> **Requirement**:
Below are records with pictures in them. Transcribe everything from the line containing "Paintings by willa" down to the line containing "Industrial Bathroom Vanity", exactly, and leave the pictures behind.

──────── Material shown ────────

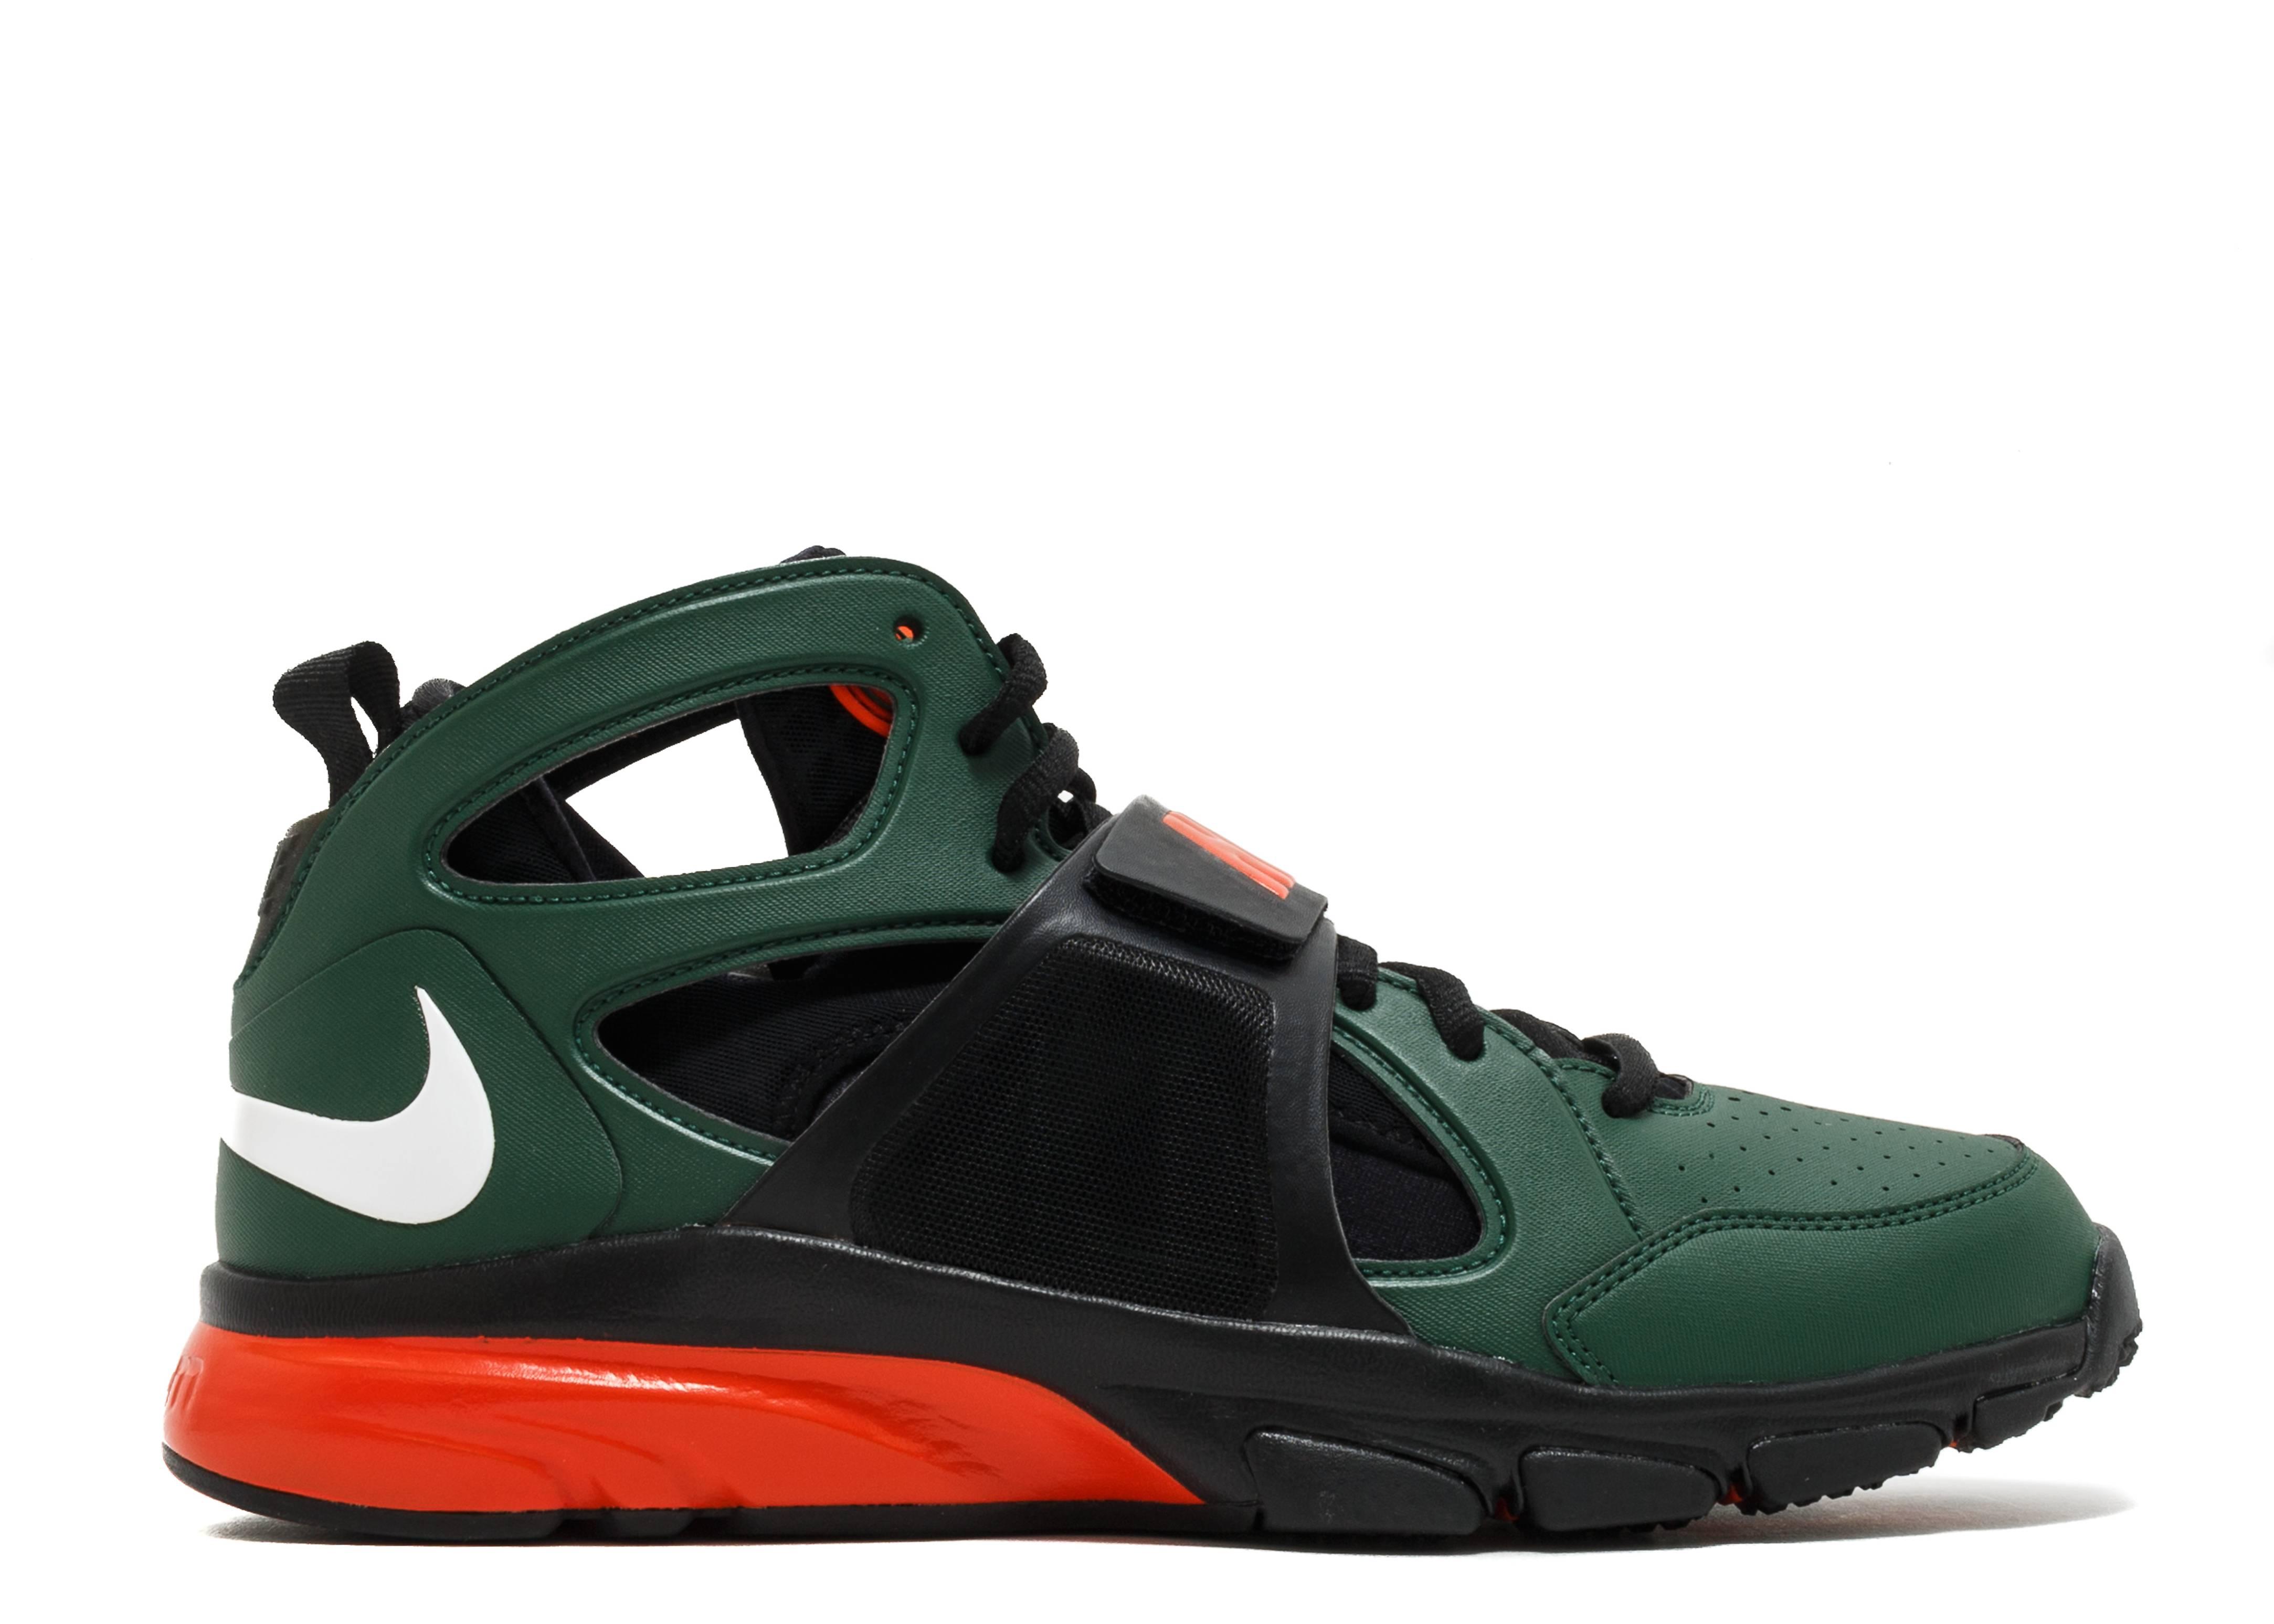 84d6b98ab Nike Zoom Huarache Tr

────────
──────── Material shown ────────

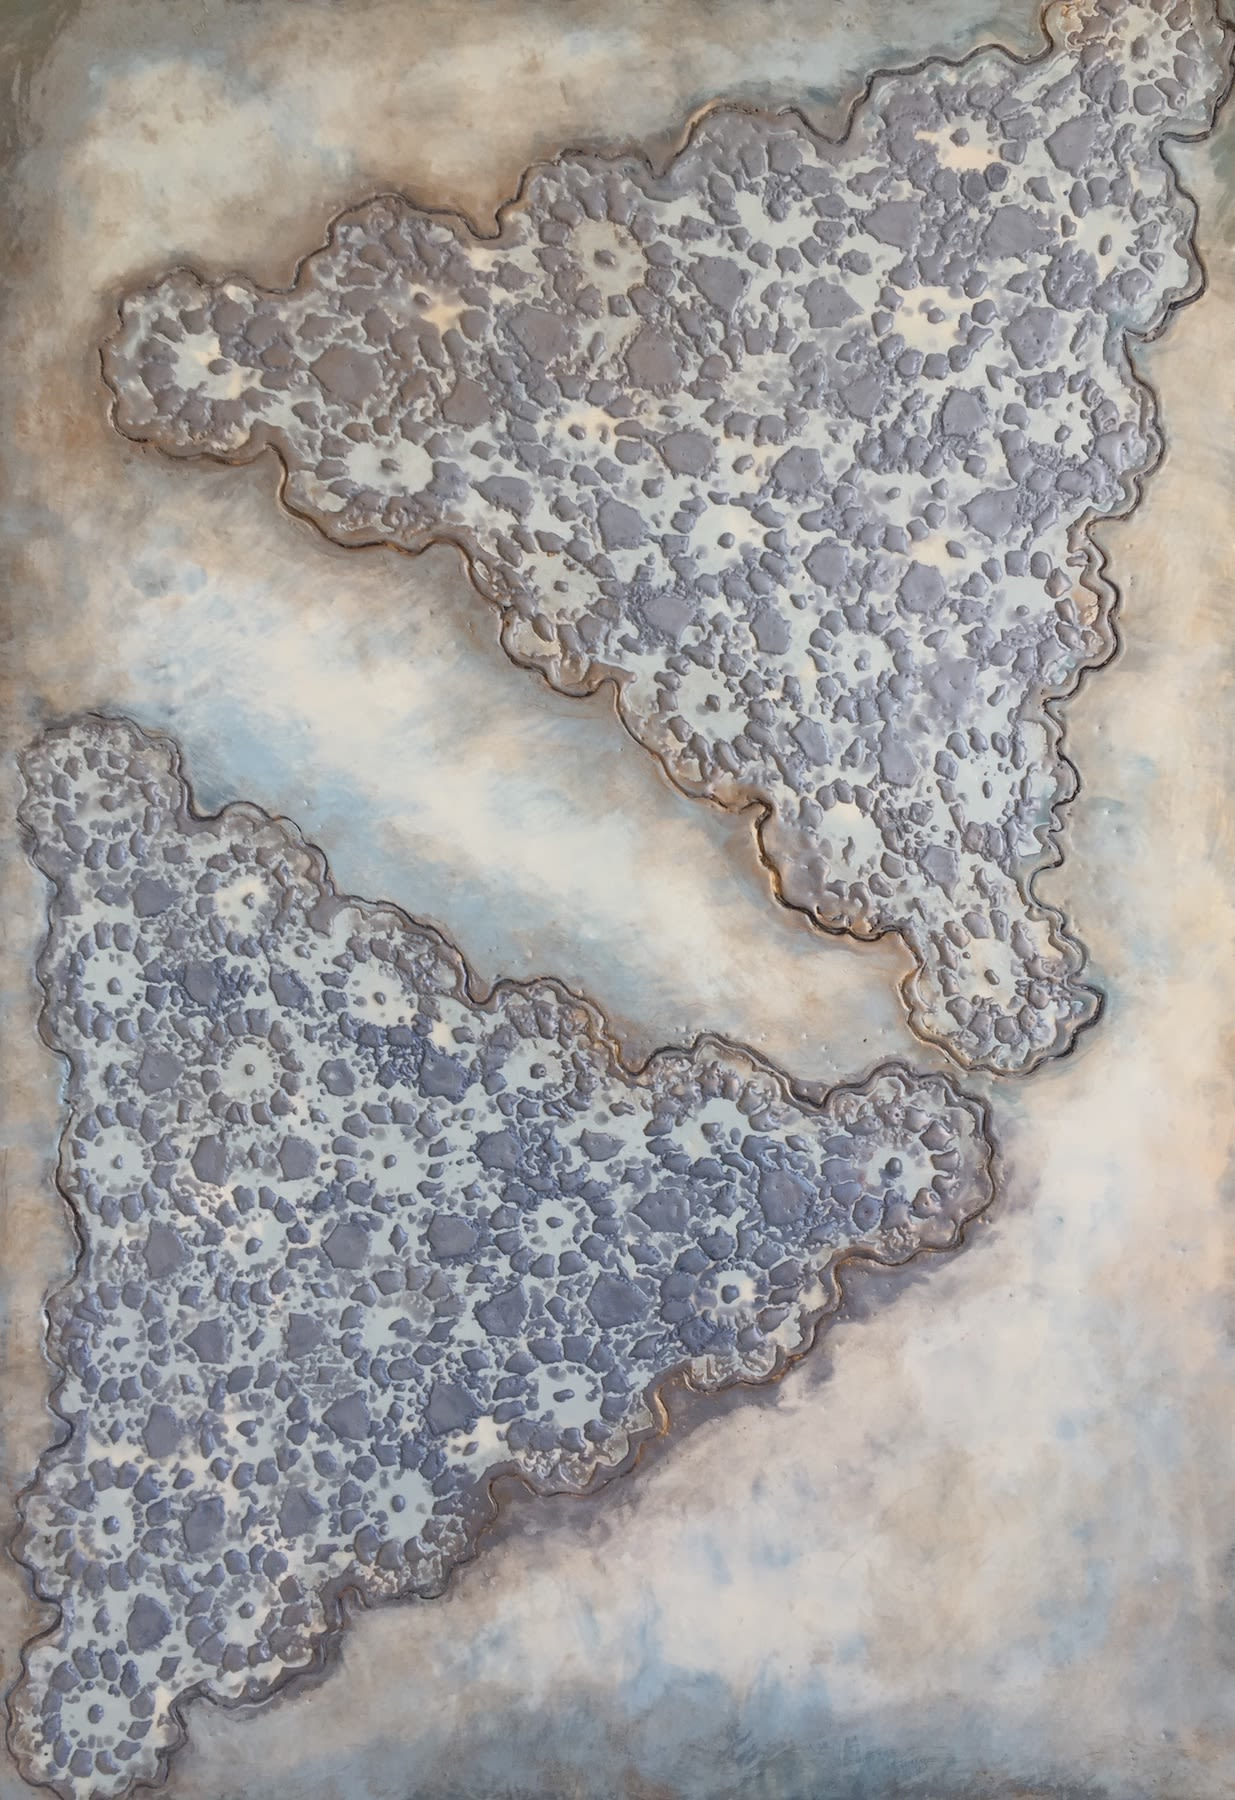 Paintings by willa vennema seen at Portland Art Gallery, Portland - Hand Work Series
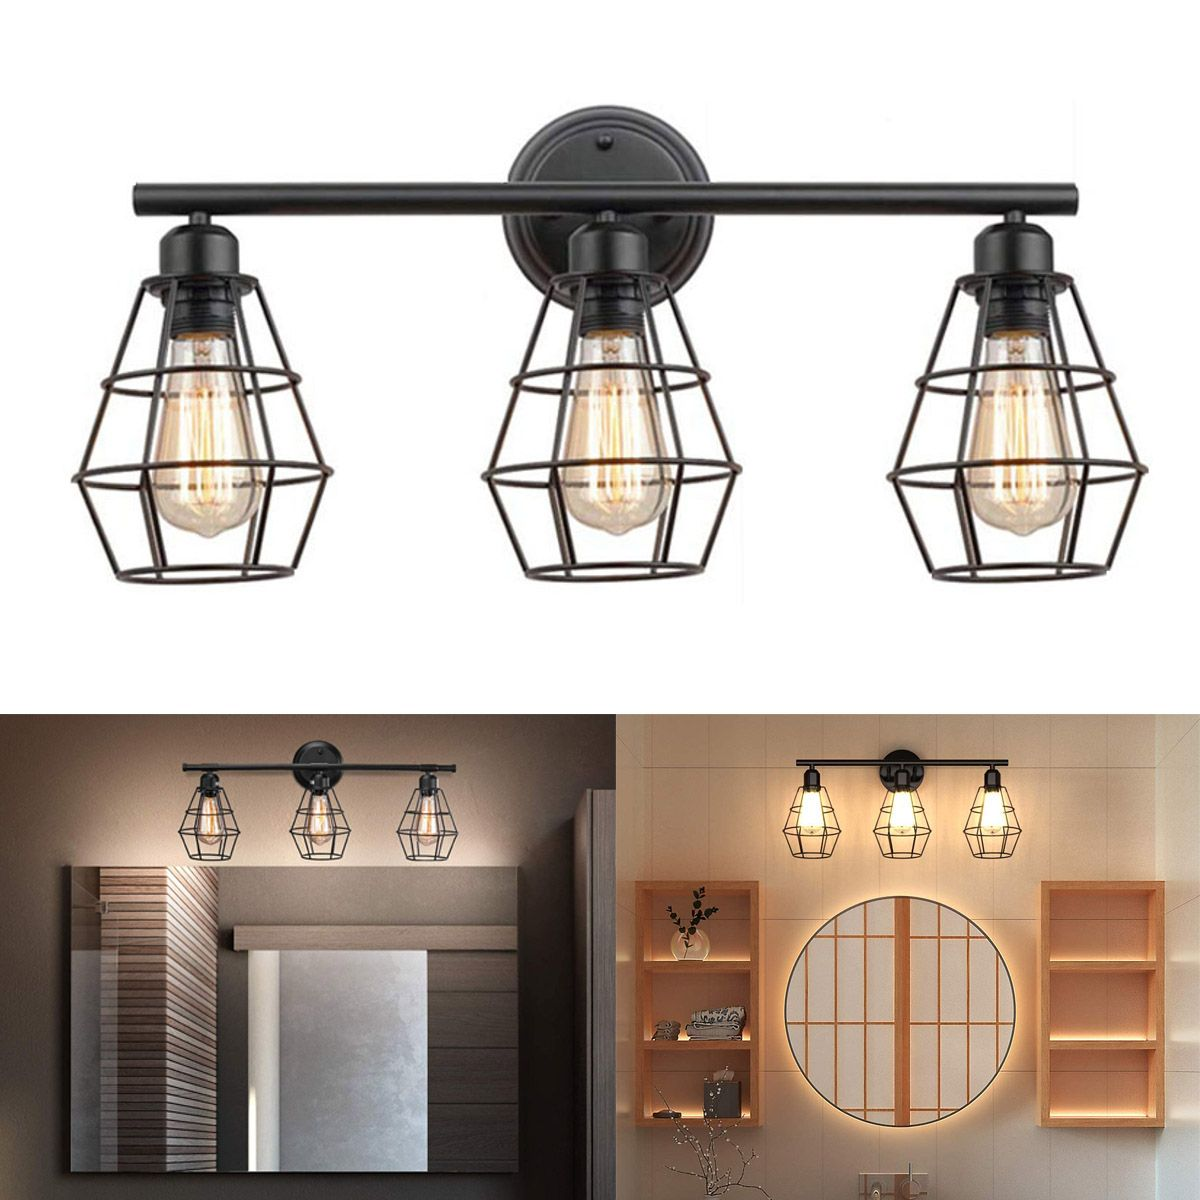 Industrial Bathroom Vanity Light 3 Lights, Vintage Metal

────────

> **Answer section**:
 Paintings by willa vennema seen at Portland Art Gallery, Portland - Hand Work Series
 Industrial Bathroom Vanity Light 3 Lights, Vintage Metal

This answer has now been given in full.